12. The judgment of the Privy Council in Ramananda Kuer v. Kalawati Kuer (supra) has been considered by the Apex Court in Anil Behari wherein it has been held that Ramananda Kuer is not an authority for the proposition that in every case where there is defect in citation, the Court must order a revocation or annulment of the grant. The Apex Court held that the Court may refuse to grant annulment in cases where there is no likelihood of proof being offered that the Will admitted to probate was either not genuine or had not been validly executed. In the light of the legal position laid down by the Supreme Court, the refusal to revoke the grant may be justified in the case where though there is omission to issue citation to necessary party but there is no possibility of proof being offered due to the death of witnesses and executors and there is no challenge to the genuineness of the Will. In the present case there is no specific challenge to the genuineness of Will in the petition. Even if it be assumed that there is challenge to the genuineness of the Will by the petitioner on the basis of letters written by him to the Prothonotary and Senior Master, the fact remains that on the date the petition for revocation of the grant was made by the petitioner, the witnesses to the Will had died and thus, there was no likelihood of the proof being offered by the respondents that the Will of which the probate has been granted was genuine and validly executed.
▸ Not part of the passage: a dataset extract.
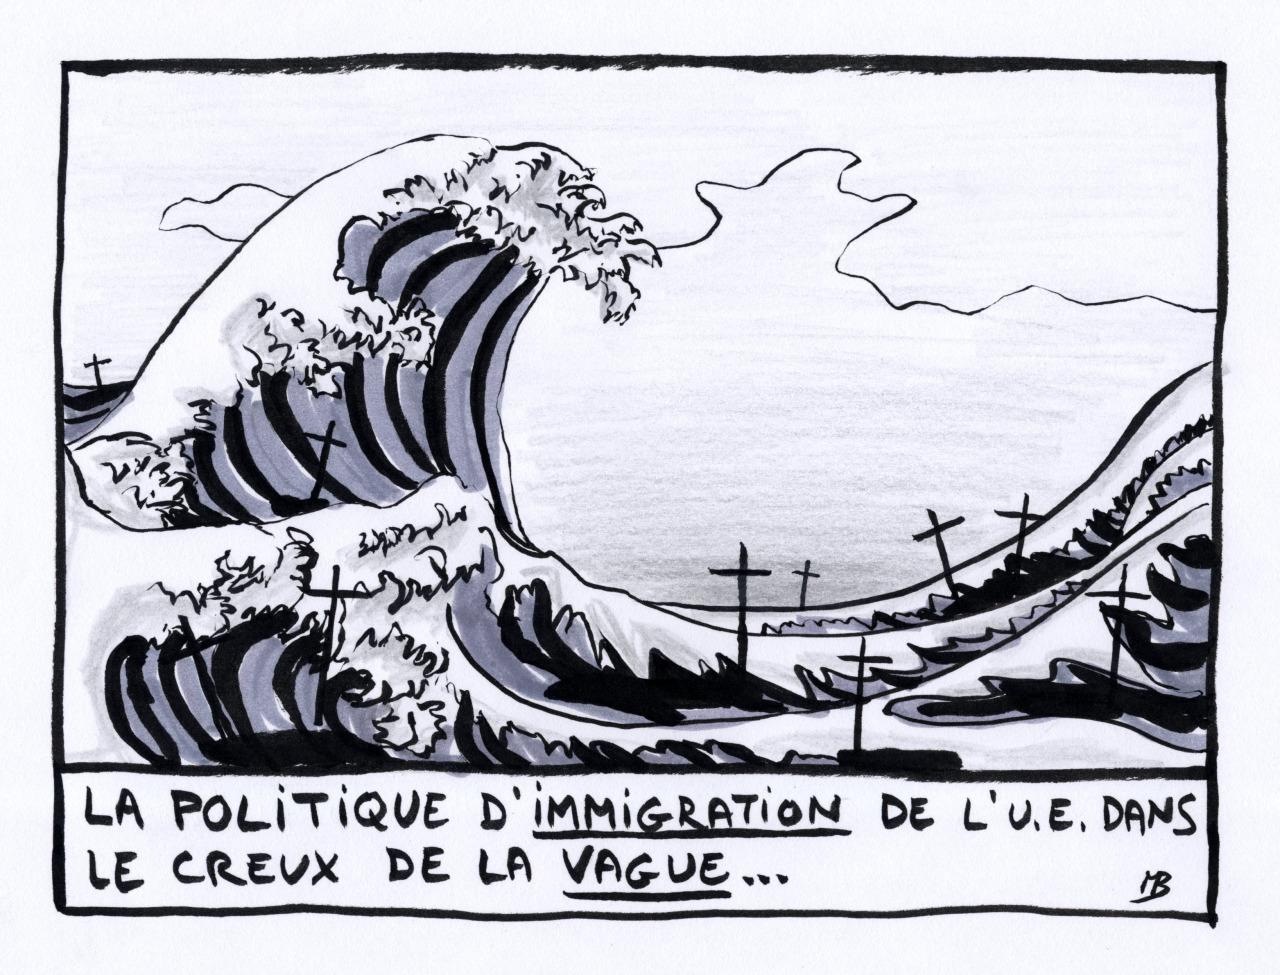 immigration creux vague dessin
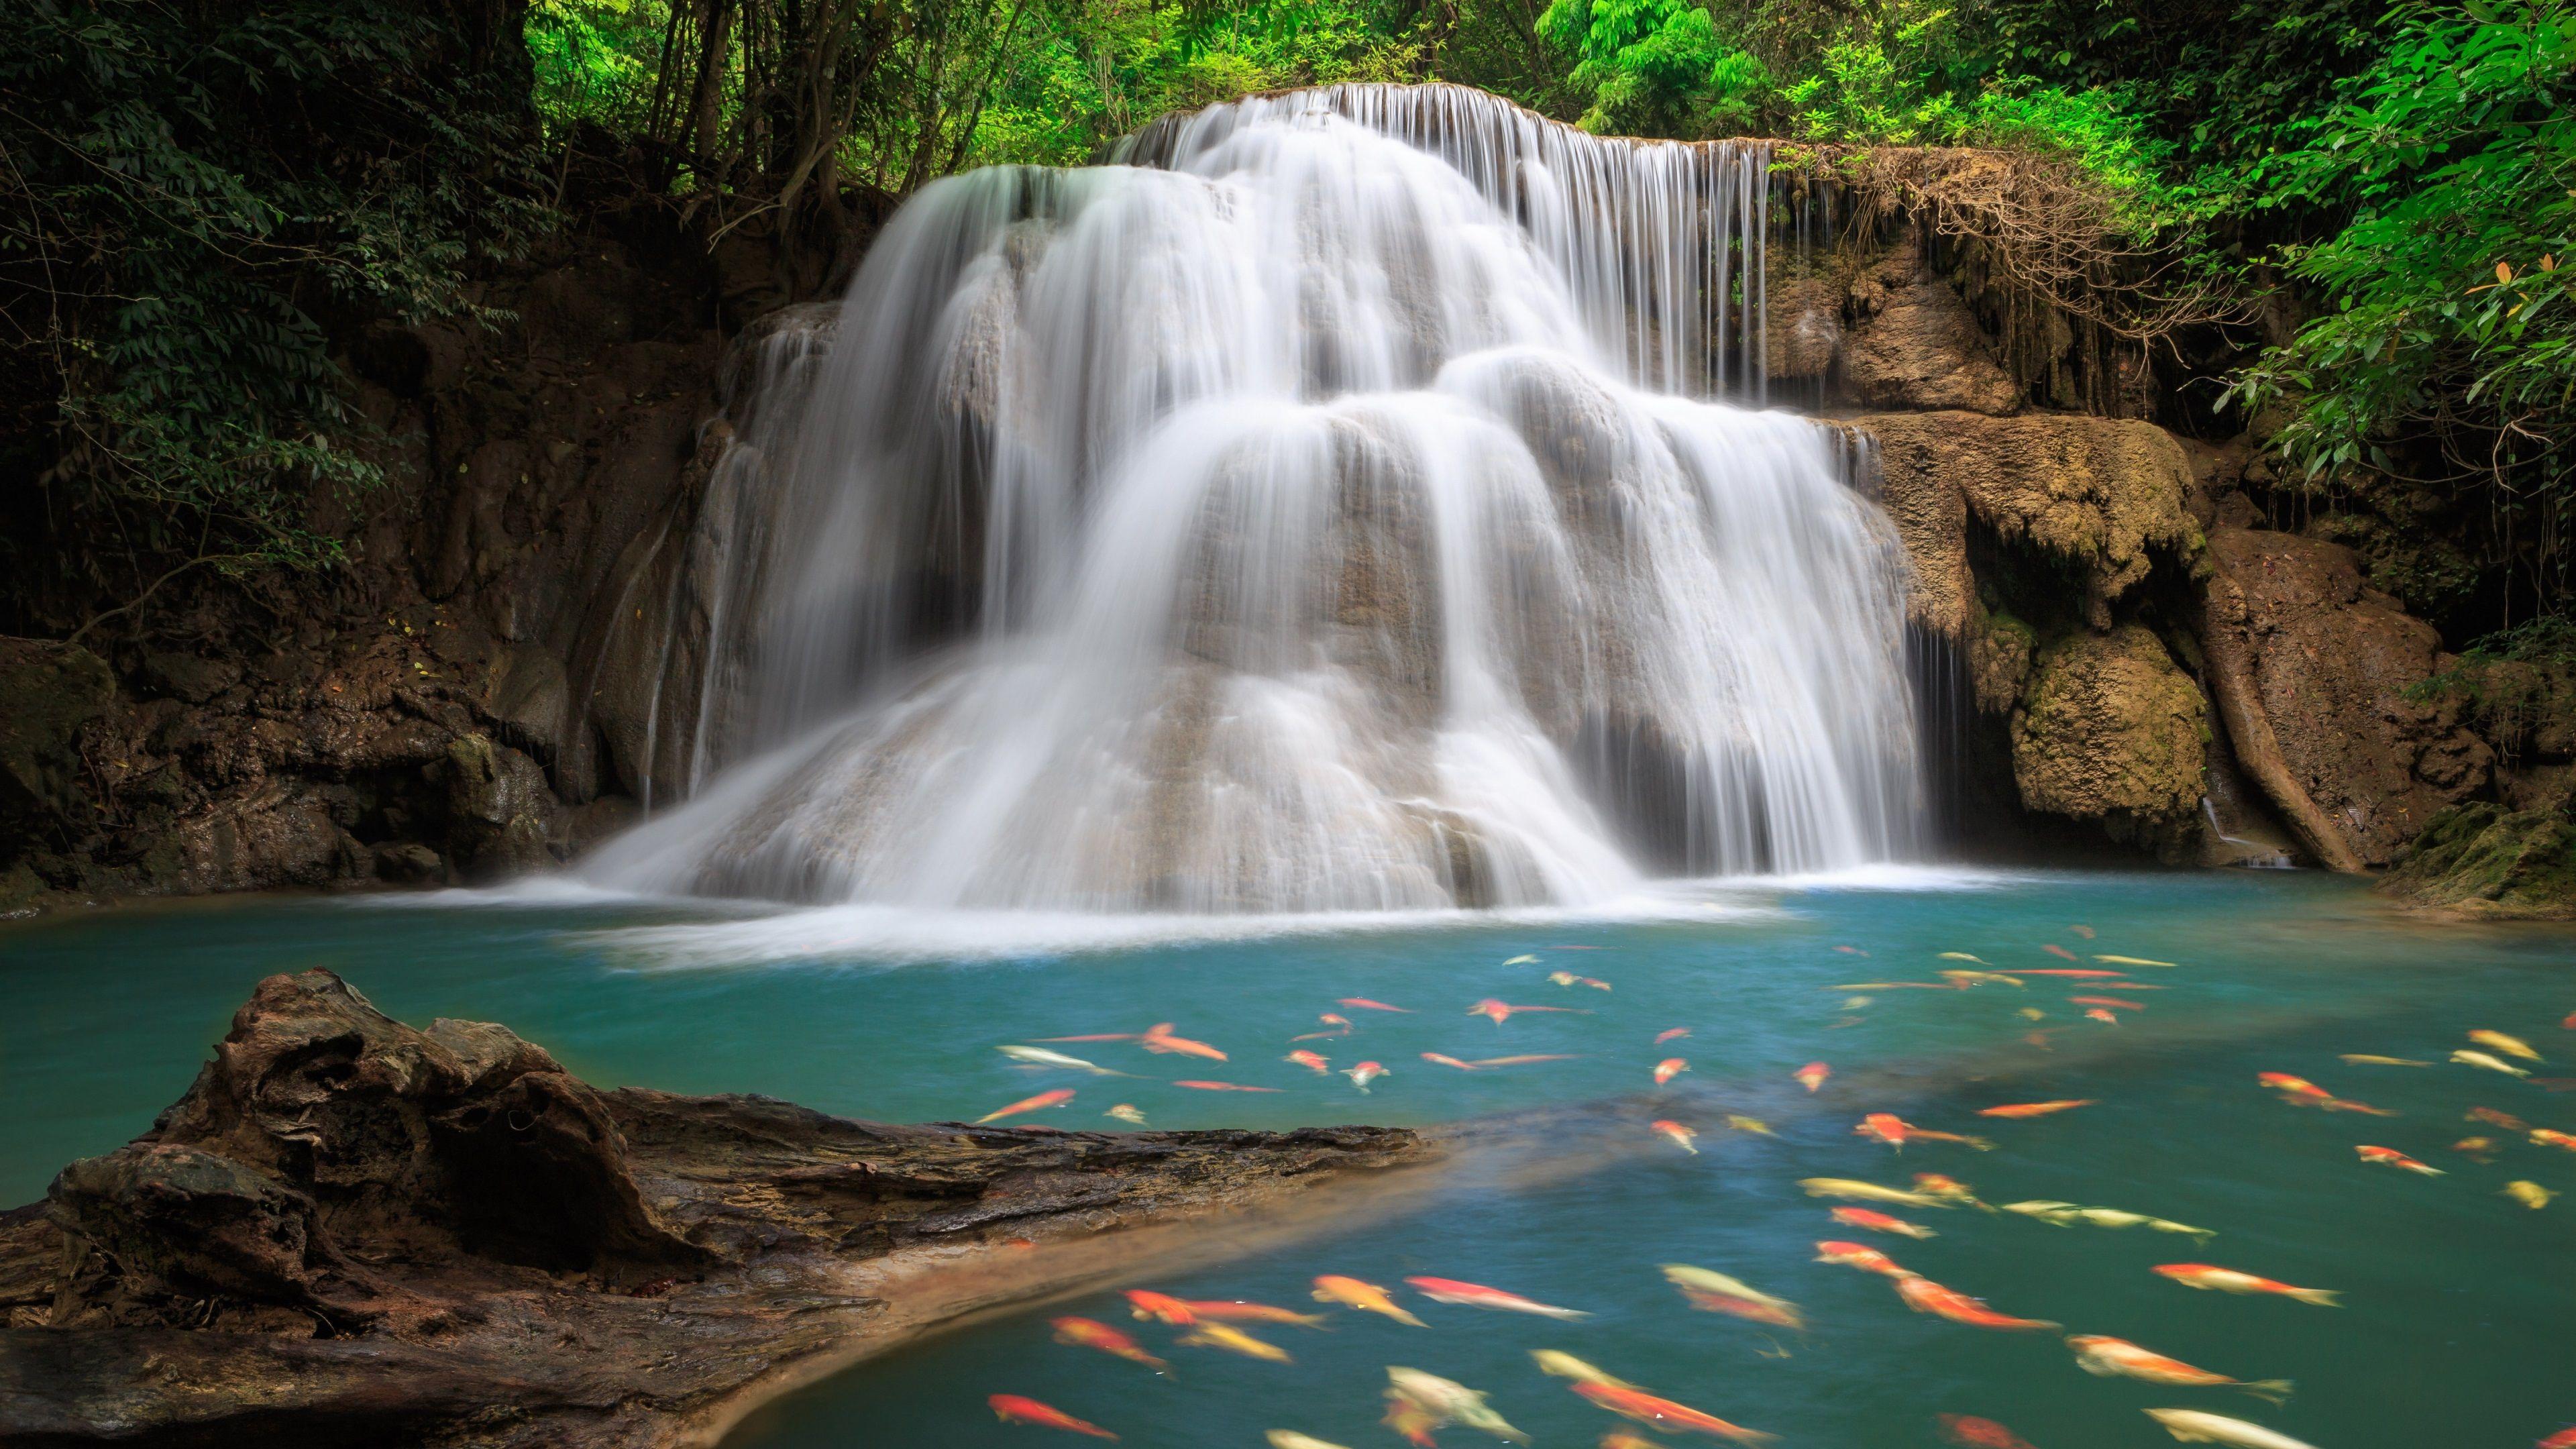 خلفيات طبيعية عالية الجودة 4k Ultra Hd Tecnologis Waterfall Wallpaper Waterfall Scenery

13. There is substance in the submission of the learned counsel for the respondents that even otherwise at this point of time when the entire estate of the deceased testator has been administered, it would be impossible to retrieve the said estate either as it is or in a monitory terms and, therefore, it would not be just and proper under Section 263 for revocation of the grant of probate.
14. All in all, we find that the consideration of the matter by the learned Single Judge in rejecting the petition for revocation of grant of probate dated 23rd October, 1981 does not call for any interference.
15. We, accordingly, dismiss the appeal but with no order as to costs.
The parties may be provided ordinary copy of this judgment duly authenticated by Court Associate on payment of usual copying charges.